Exercise goal:
Leave the pictures out. Return all other data exactly.

Data block:
——
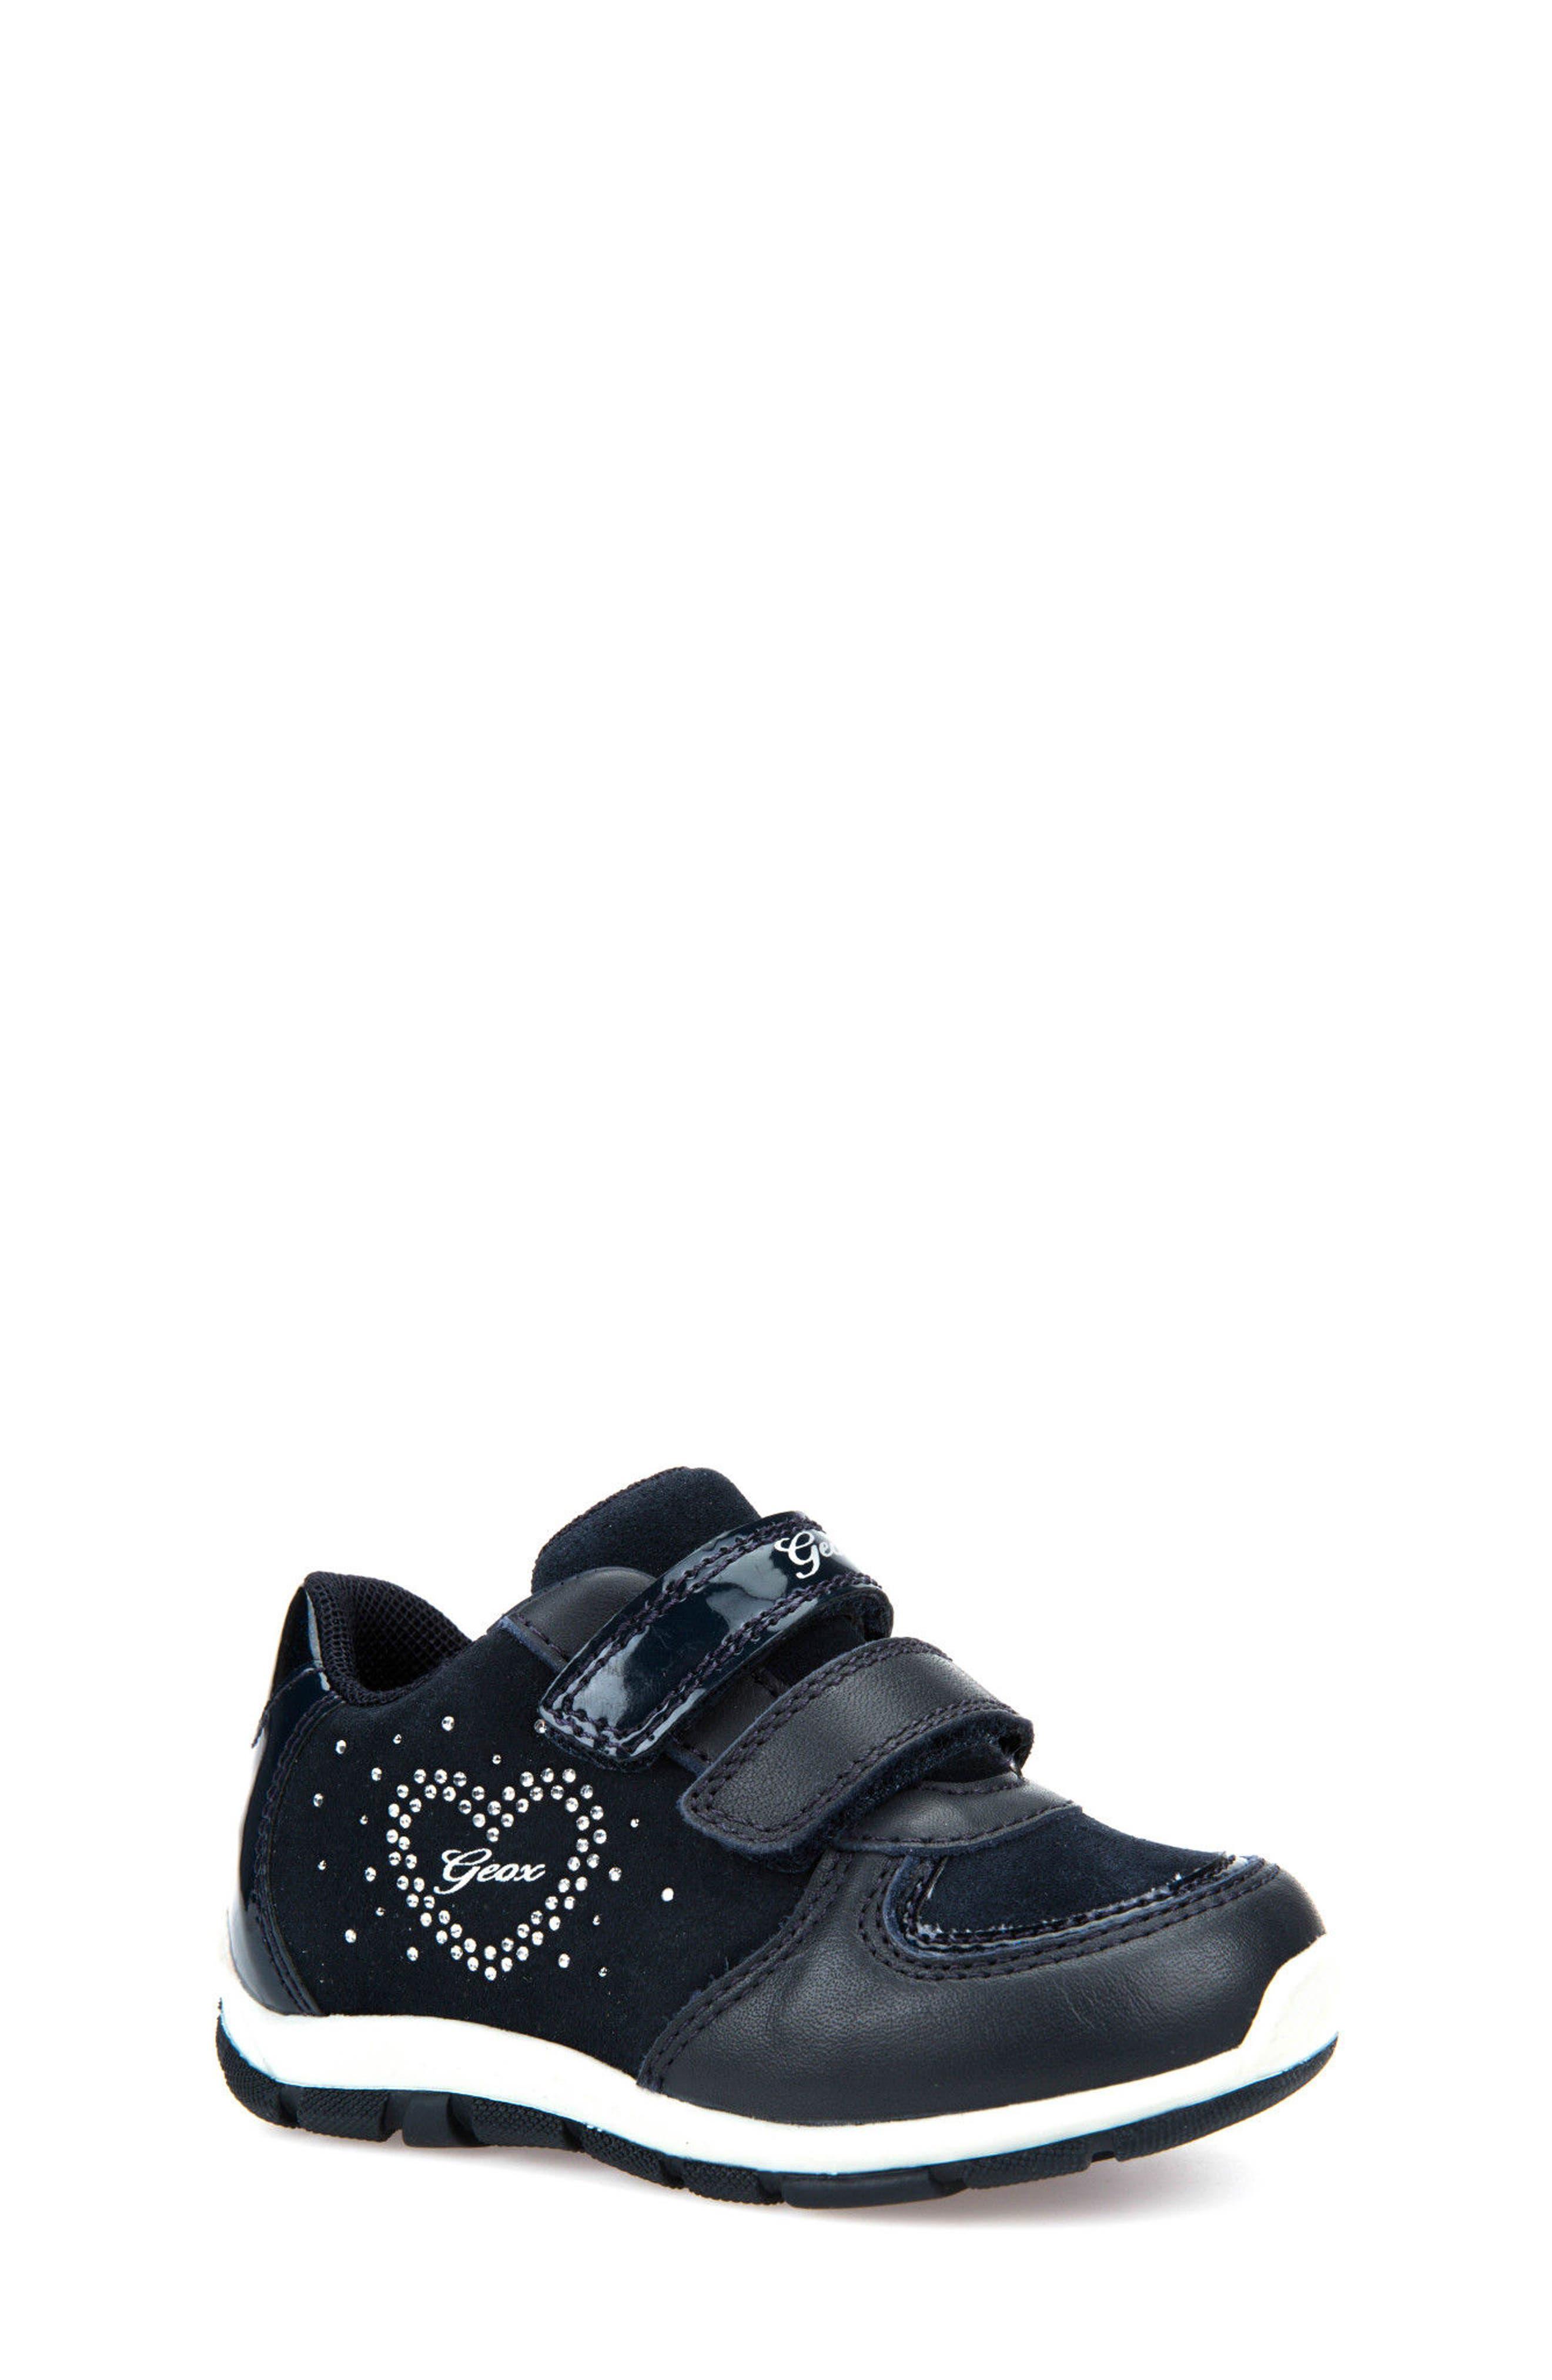 Shaax Love Sneaker,                             Main thumbnail 1, color,                             410
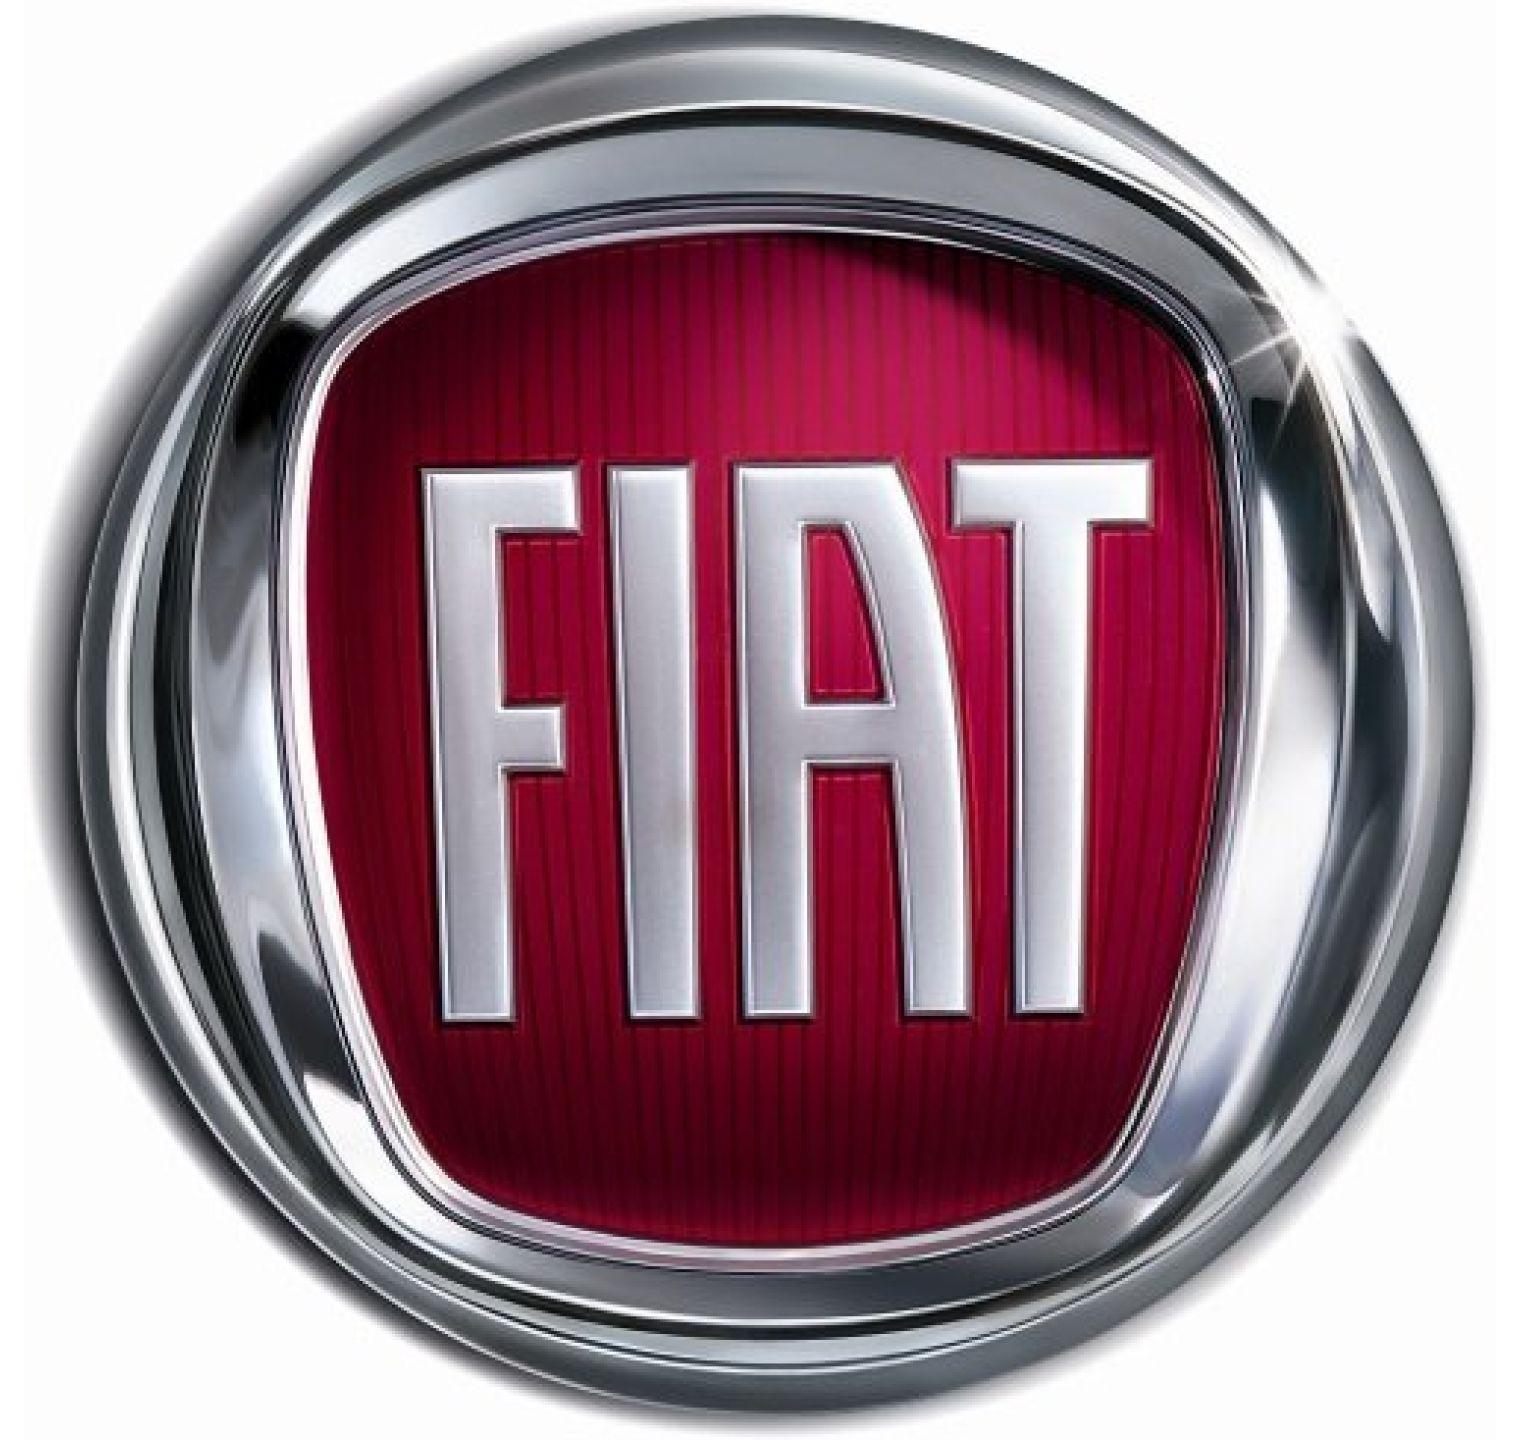 Fiat Idea (vanaf 2004) - achterruitenwisser Valeo Standard
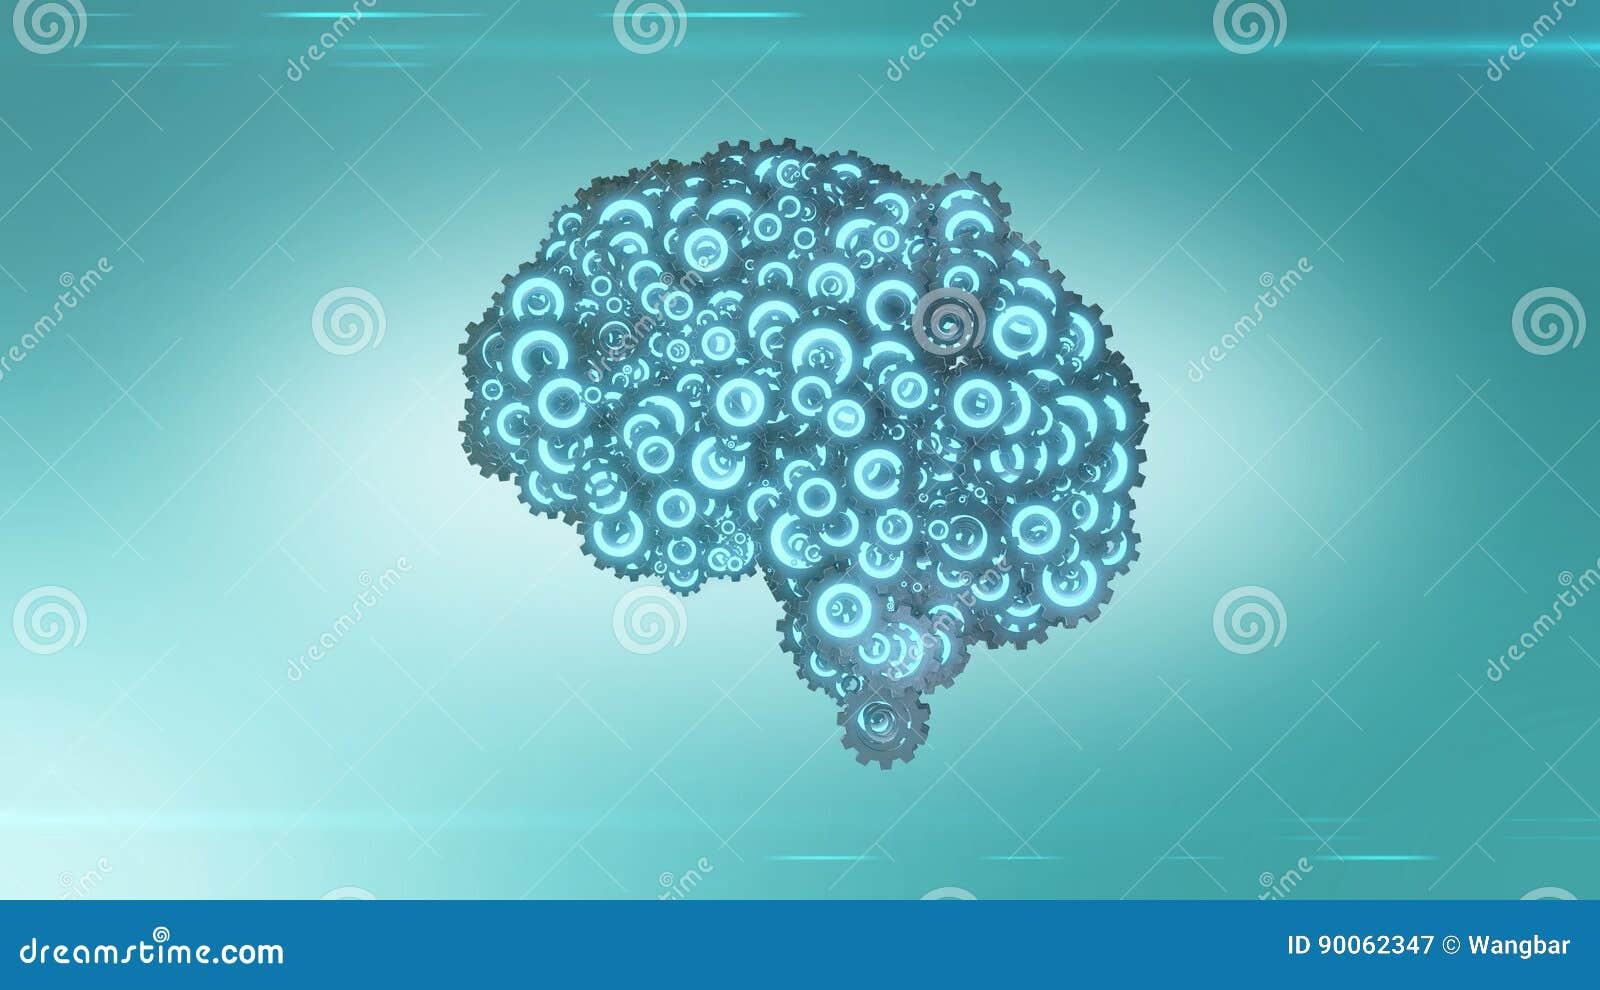 Futuristic brain steampunk concept
——
Solution to this exercise:
 Shaax Love Sneaker,                             Main thumbnail 1, color,                             410
 Fiat Idea (vanaf 2004) - achterruitenwisser Valeo Standard
 Futuristic brain steampunk concept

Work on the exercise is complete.